> [Activity]: Only the count is wanted here: how many lines of the entries hold the string "Stuhl"?

> [Given records]:
□ □ □ □
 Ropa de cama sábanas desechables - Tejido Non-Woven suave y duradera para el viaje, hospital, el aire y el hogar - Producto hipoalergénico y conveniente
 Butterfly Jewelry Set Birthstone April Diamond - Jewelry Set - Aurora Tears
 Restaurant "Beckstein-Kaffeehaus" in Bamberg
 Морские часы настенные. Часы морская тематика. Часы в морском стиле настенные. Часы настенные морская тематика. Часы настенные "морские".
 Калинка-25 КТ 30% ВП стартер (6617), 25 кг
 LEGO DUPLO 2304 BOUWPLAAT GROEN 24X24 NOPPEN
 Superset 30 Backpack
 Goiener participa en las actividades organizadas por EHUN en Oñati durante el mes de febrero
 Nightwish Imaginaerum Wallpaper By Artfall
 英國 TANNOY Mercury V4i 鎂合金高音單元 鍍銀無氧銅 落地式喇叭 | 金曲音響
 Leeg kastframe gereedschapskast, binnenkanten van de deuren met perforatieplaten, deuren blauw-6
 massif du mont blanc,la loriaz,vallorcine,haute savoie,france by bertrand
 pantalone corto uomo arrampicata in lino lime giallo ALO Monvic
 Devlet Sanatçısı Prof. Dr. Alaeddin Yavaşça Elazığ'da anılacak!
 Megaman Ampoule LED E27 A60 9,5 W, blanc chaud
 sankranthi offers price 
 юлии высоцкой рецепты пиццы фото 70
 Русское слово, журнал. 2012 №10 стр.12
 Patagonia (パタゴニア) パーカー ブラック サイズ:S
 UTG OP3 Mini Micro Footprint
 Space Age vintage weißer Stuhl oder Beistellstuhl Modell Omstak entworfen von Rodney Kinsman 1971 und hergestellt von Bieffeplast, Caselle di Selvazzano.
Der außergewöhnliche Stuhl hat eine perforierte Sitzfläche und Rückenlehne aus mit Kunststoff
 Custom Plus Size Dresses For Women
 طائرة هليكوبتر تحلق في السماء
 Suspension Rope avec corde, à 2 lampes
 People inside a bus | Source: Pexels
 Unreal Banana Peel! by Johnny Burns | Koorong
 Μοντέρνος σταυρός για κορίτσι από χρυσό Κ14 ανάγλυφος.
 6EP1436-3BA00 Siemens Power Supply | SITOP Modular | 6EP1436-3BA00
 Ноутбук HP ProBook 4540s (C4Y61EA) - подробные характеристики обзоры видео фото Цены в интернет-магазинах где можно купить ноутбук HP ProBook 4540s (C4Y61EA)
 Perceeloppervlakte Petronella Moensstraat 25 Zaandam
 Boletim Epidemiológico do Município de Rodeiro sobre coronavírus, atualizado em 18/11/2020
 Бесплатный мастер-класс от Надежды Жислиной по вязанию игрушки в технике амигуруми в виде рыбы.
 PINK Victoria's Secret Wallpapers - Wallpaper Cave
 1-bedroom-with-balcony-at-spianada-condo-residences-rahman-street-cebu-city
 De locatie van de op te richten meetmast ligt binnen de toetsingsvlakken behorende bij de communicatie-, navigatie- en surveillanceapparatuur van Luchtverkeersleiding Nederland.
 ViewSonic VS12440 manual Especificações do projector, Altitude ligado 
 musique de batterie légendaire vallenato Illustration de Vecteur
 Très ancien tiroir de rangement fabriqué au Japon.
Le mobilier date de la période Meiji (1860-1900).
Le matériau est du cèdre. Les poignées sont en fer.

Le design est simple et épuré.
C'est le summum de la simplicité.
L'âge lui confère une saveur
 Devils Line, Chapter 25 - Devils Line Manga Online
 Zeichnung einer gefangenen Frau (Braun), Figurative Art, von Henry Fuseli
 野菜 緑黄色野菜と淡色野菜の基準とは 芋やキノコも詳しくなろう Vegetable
□ □ □ □
> [Written response]: 2